Этническая безопасность: абонент не отвечает
Формула "у преступления нет национальности" верна, особенно если ее признает правоохранительная машина, одинаково бесперебойно срабатывающая в любом криминальном случае
Через несколько дней после теракта в Волгограде неизвестные попытались сжечь мечеть. Это прямо ведет к столкновениям по этническому и религиозному признаку. Остается надеяться, что власти достаточно ясно осознают уровень угрозы.
На следующий день после теракта в Волгограде президент Владимир Путин в другом городе на Волге – в Уфе – встретился со своим Советом по межнациональным отношениям, а также с главами духовных управлений мусульман России.
Выбор адресатов говорит о точности реакции: вопреки широко распространенной мантре о том, что "у преступников нет ни национальности, ни религии", президент как раз четко фокусирует проблему. В эти дни одиннадцатой годовщины драмы с захватом заложников в Москве в театральном центре на Дубровке мы все можем, оглядываясь назад, анализировать скорбную статистику: брать людей в заложники и убивать их живыми бомбами приезжают отнюдь не бурятские буддисты. Молчать об этом не менее дико, чем после каждого теракта объявлять врагами всех без исключения мусульман и выходцев с Северного Кавказа.
Любой социологический опрос говорит нам, что в России многие испытывают неприязнь к другим по этническому признаку. Это звучит довольно странно для привычного к правилам политкорректности европейского или американского уха, но это так. Зная это, социологи задают вопрос и о том, какие этнические группы лидируют по уровню вызываемой ими неприязни. И получают выходцев с Северного Кавказа и Закавказья, а также выходцев из Средней Азии. Это легальные данные социологических опросов, их странно и невозможно игнорировать.
Формула "у преступления нет национальности" в принципе верна – особенно если ее признает правоохранительная машина, одинаково бесперебойно срабатывающая в любом криминальном случае. Но в то же время, прикрываясь этим лозунгом и отказываясь видеть реальный конфликтный потенциал, мы раз за разом будем пропускать очередные манежные площади, сагры и кондопоги.
Очень многие конфликты – начиная с повседневной семейной жизни и заканчивая глобальными политическими столкновениями, ставившими мир на грань существования, - происходят от недостатка информации.

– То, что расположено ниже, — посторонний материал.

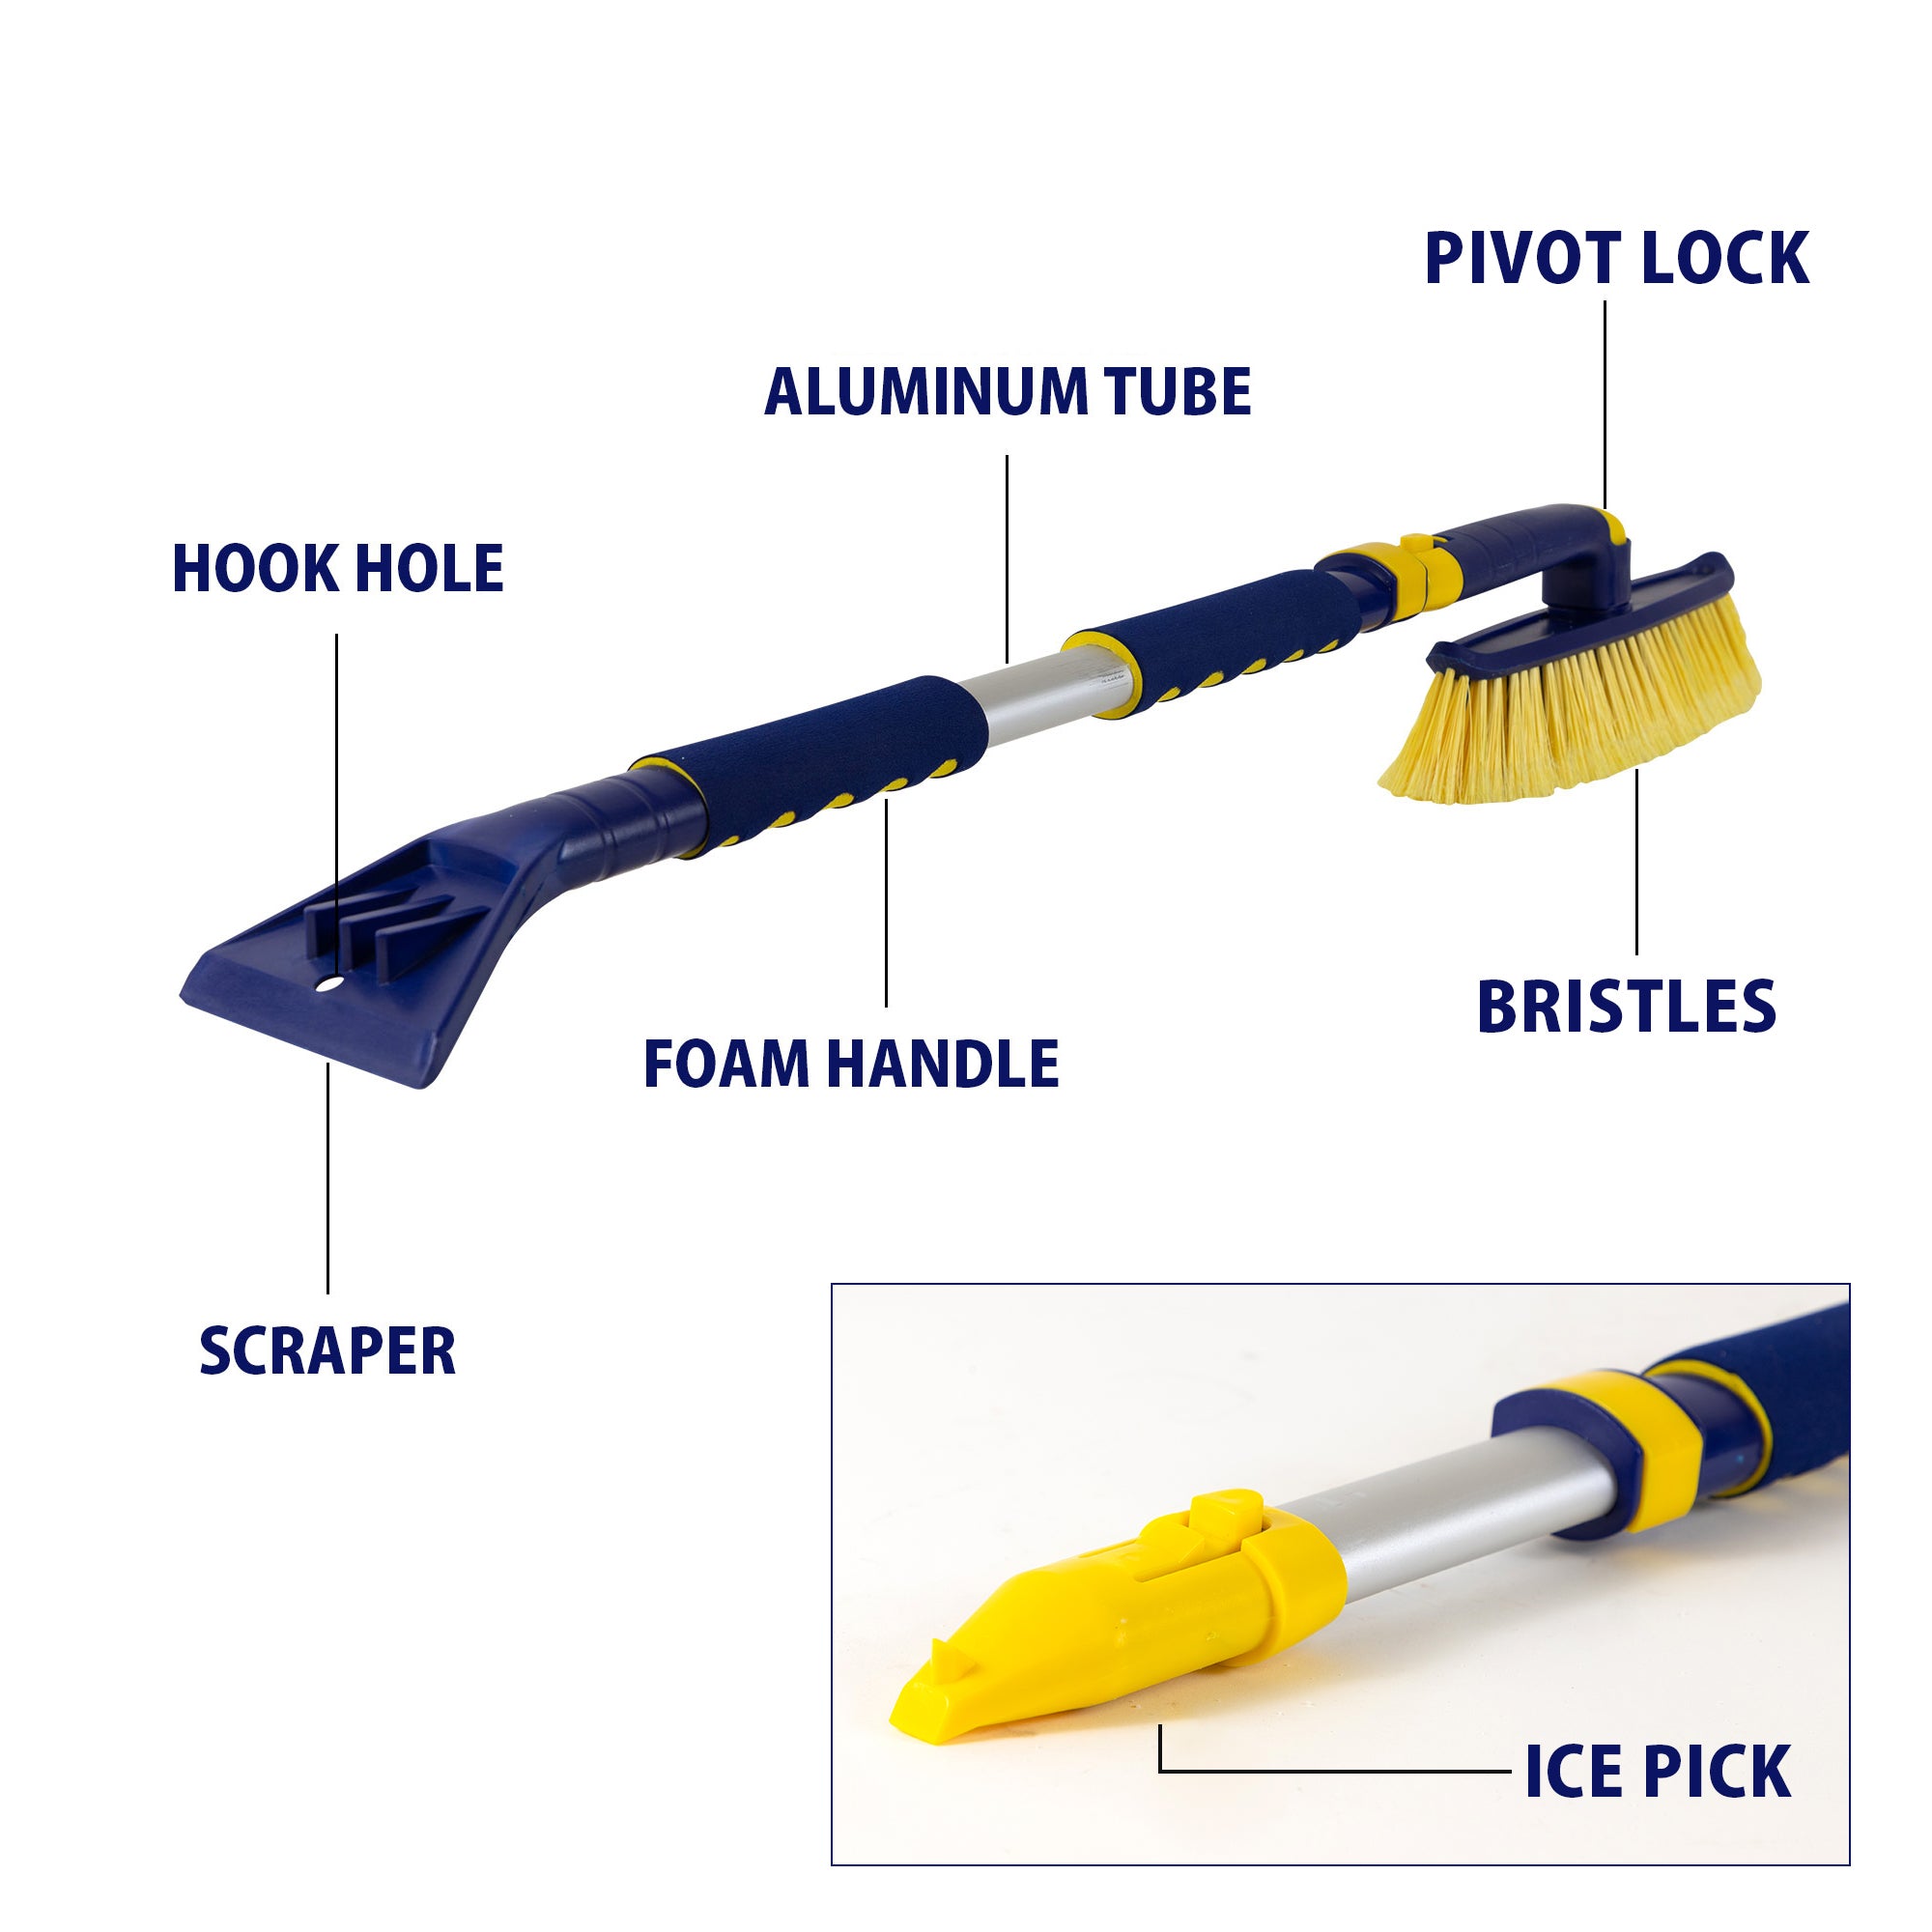 Product shot on white background of snow brush with parts labeled: Pivot lock; bristles; aluminum tube; foam handle; hook hole; scraper. Inset image below shows a closeup of the heavy-duty ice pick, labeled

Заявлять всякий раз: "У преступления нет национальности" - значит еще больше увеличивать этот опасный информационный дефицит.
С точки зрения обывателя, у которого под окнами только что взорвали рейсовый автобус, полный ни в чем неповинных пассажиров, нужны пояснения. В его сознании теракт накрепко связан с представителями Северного Кавказа и мусульманами. Это такая же данность, как социологические опросы про ксенофобию. Даже если по телевизору скажут, что взрыв подготовил и произвел этнический русский, обыватель или будет ждать продолжения: "недавно принявший ислам", или вообще не поверит и погрузится в теорию заговора. Но по телевизору, как мы знаем, в 9 случаях из 10 подтверждают его дилетантское чутье: да, это опять прилетело с Северного Кавказа.

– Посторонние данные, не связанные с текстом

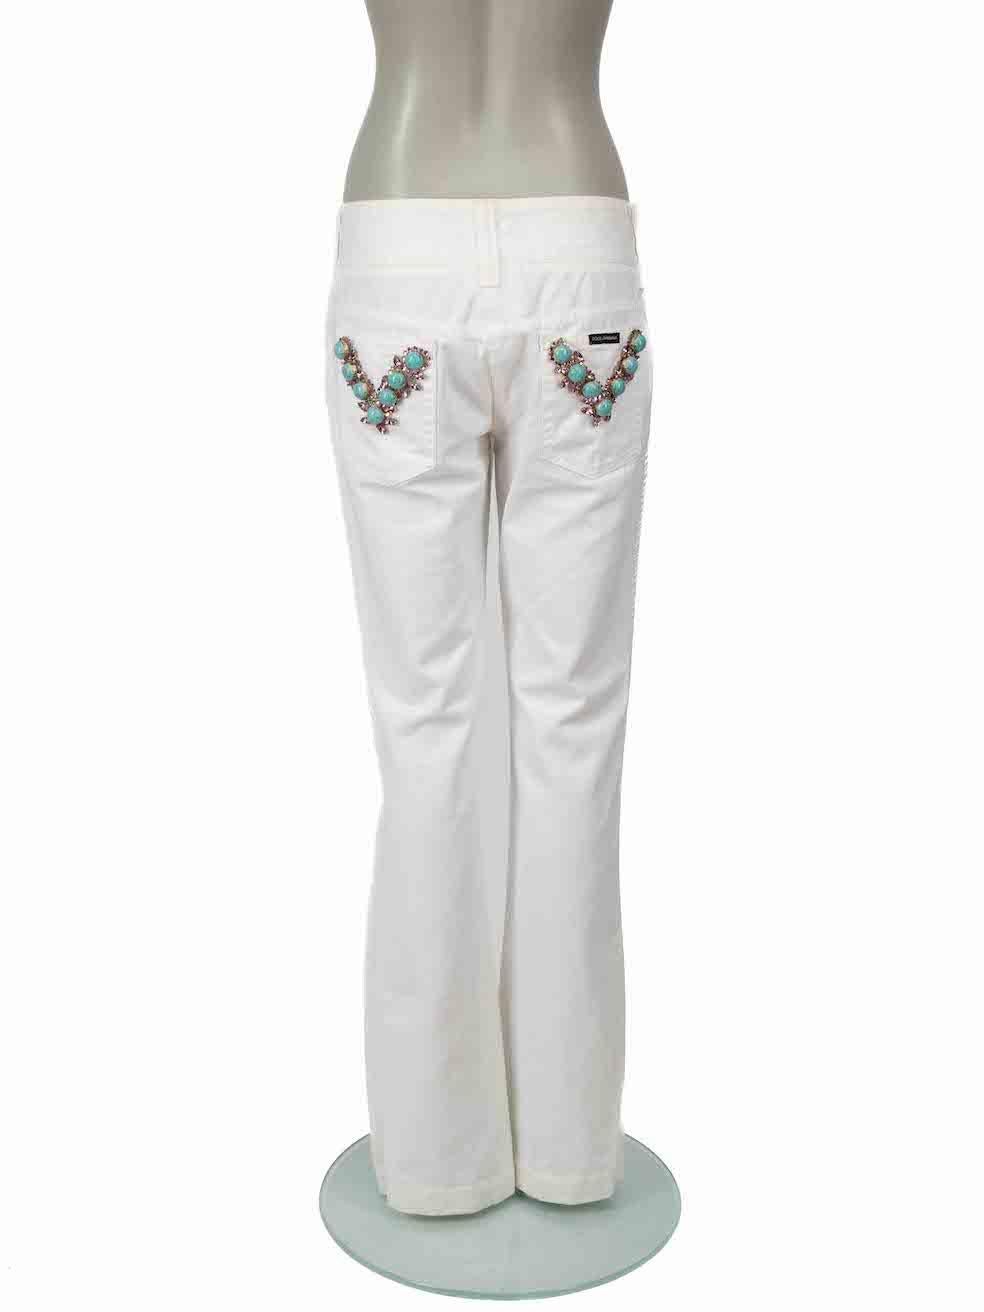 CONDITION is Very good. Minimal wear to jeans is evident. Minimal discoloured marks to overall fabric on this used Dolce & Gabbana designer resale item.

Details
White
Denim- Cotton
Straight leg trousers
Low rise
Front zip closure with buttons
2x

Но дальше есть два варианта. Первый и самый распространенный – всеобщее многозначительное молчание или заявления в том же духе "У преступления нет национальности". Это молчание – оно действует как бензин на пламя. Потому что восприятие обывателя предельно просто: если вы молчите, а не осуждаете, значит, вы одобряете.
Об обычных мирных мусульманах крайне мало знают их немусульманские соседи даже в тех регионах, где доля мусульманского населения традиционно высока. А в то же время образ бородача с автоматом наперевес и с назидательно поднятым в небо указательным пальцем тиражируется и выпусками новостей (в том числе с Ближнего Востока), и игровым кино, и интернетом. Немудрено, что образ ислама формируется внутри немусульманского сообщества очень специфическим образом.

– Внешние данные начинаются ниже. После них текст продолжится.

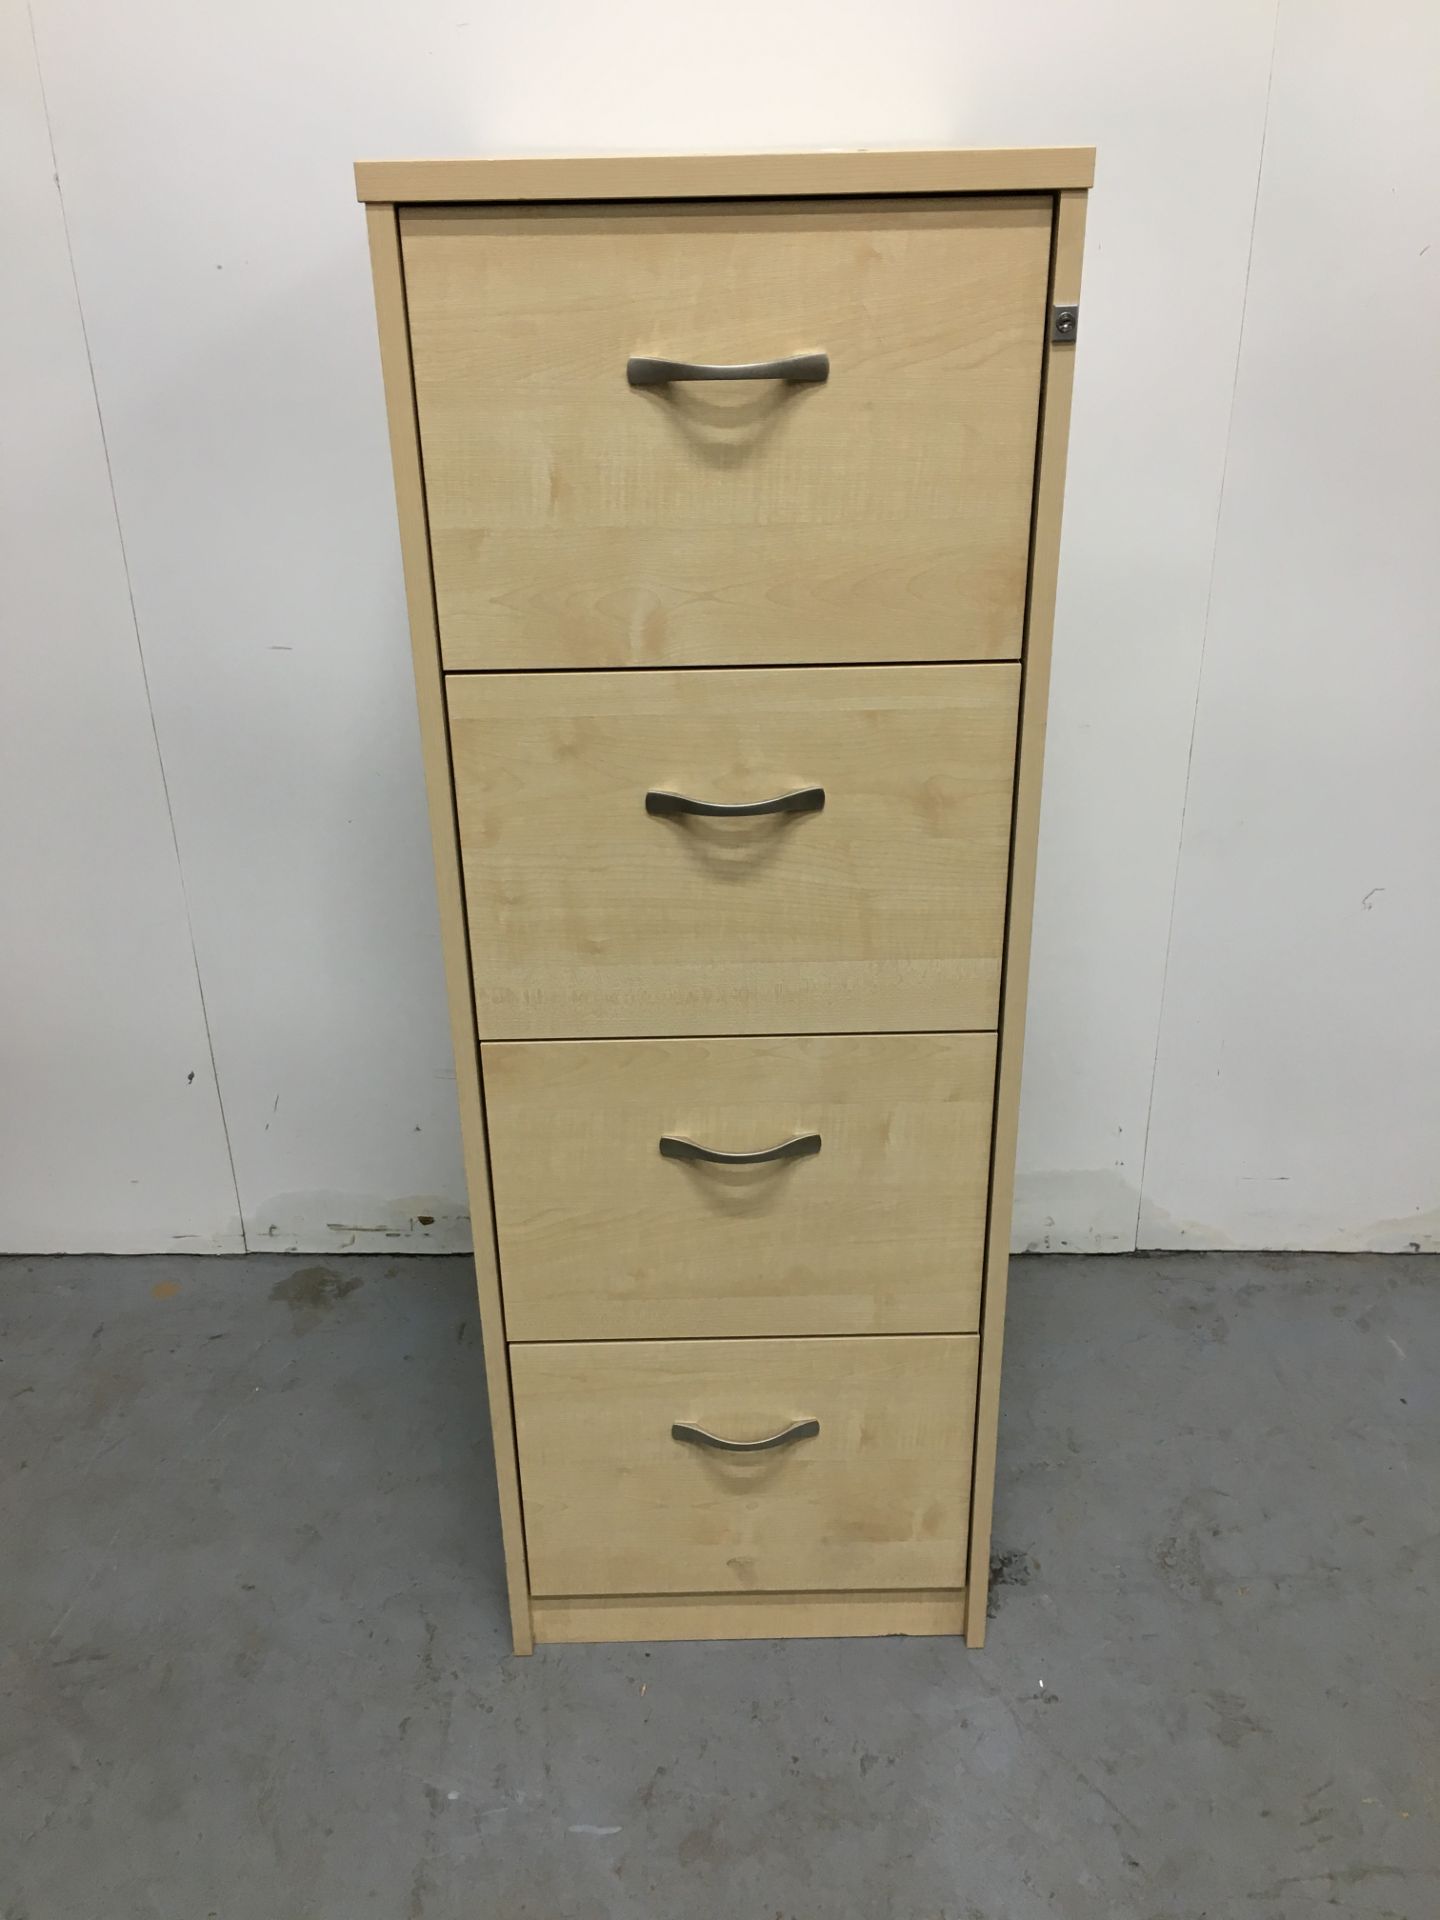 4x 4 Drawer Filing Cabinets in Beech Wood Finish

Если бы мусульманская община вместо смущенного молчания, которое по незнанию воспринимается как молчаливое одобрение, давала себе труд высказываться после каждой трагедии, и не так, чтобы ее услышали только свои, риск получить "коктейль Молотова" в мечети был бы существенно ниже. Абсолютно то же относится и к этническим диаспорам. Не надо повторять, что у преступления нет национальности. Надо сказать всего лишь несколько простых и понятных слов: да, они из наших. Они страшно ошиблись, думая, что наша религия дозволяет убить себя и других людей. И мы ошиблись тоже, когда не умели или не успели им это объяснить. Мы понимаем эти ошибки и будем их исправлять.
Строго говоря, именно об этом просил Владимир Путин на встрече с муфтиями в Уфе. Он говорил и о многих других по-настоящему важных вещах – например, о кризисе и необходимости развития отечественного исламского образования (в качестве, сопоставимом с дореволюционными и современными зарубежными аналогами). Если бы в Уфе, Казани и Махачкале учили исламской теологии так же, как в Каире и Аммане, это не просто дало бы возможность желающим учиться сэкономить на билетах и избежать лишнего контакта с "Аль-Каидой".
Это сократило бы непросвещенную массу людей, готовых считать религиозной истиной услышанное от случайного встречного: "Иди, убей себя и других, и попадешь в рай". Это, в итоге, устранило бы дефицит информации о мусульманах, не уходящих с автоматами в лес, а живущих рядом с нами, растящих детей и точно также боящихся нарастающей турбулентности, погромов на овощебазах, терактов в автобусах и "коктейлей Молотова" в мечетях.
Но любые проекты, связанные с образованием, требуют времени – даже если на них есть деньги и квалифицированные кадры. А реагировать на происходящее необходимо здесь и сейчас, а не когда-нибудь после создания исламских академий. К более чуткой реакции здесь и сейчас и призвал Путин российских муфтиев. Было бы хорошо, чтобы в необходимости такой реакции муфтии отдавали себе отчет сами, без напоминания главы нашего светского государства.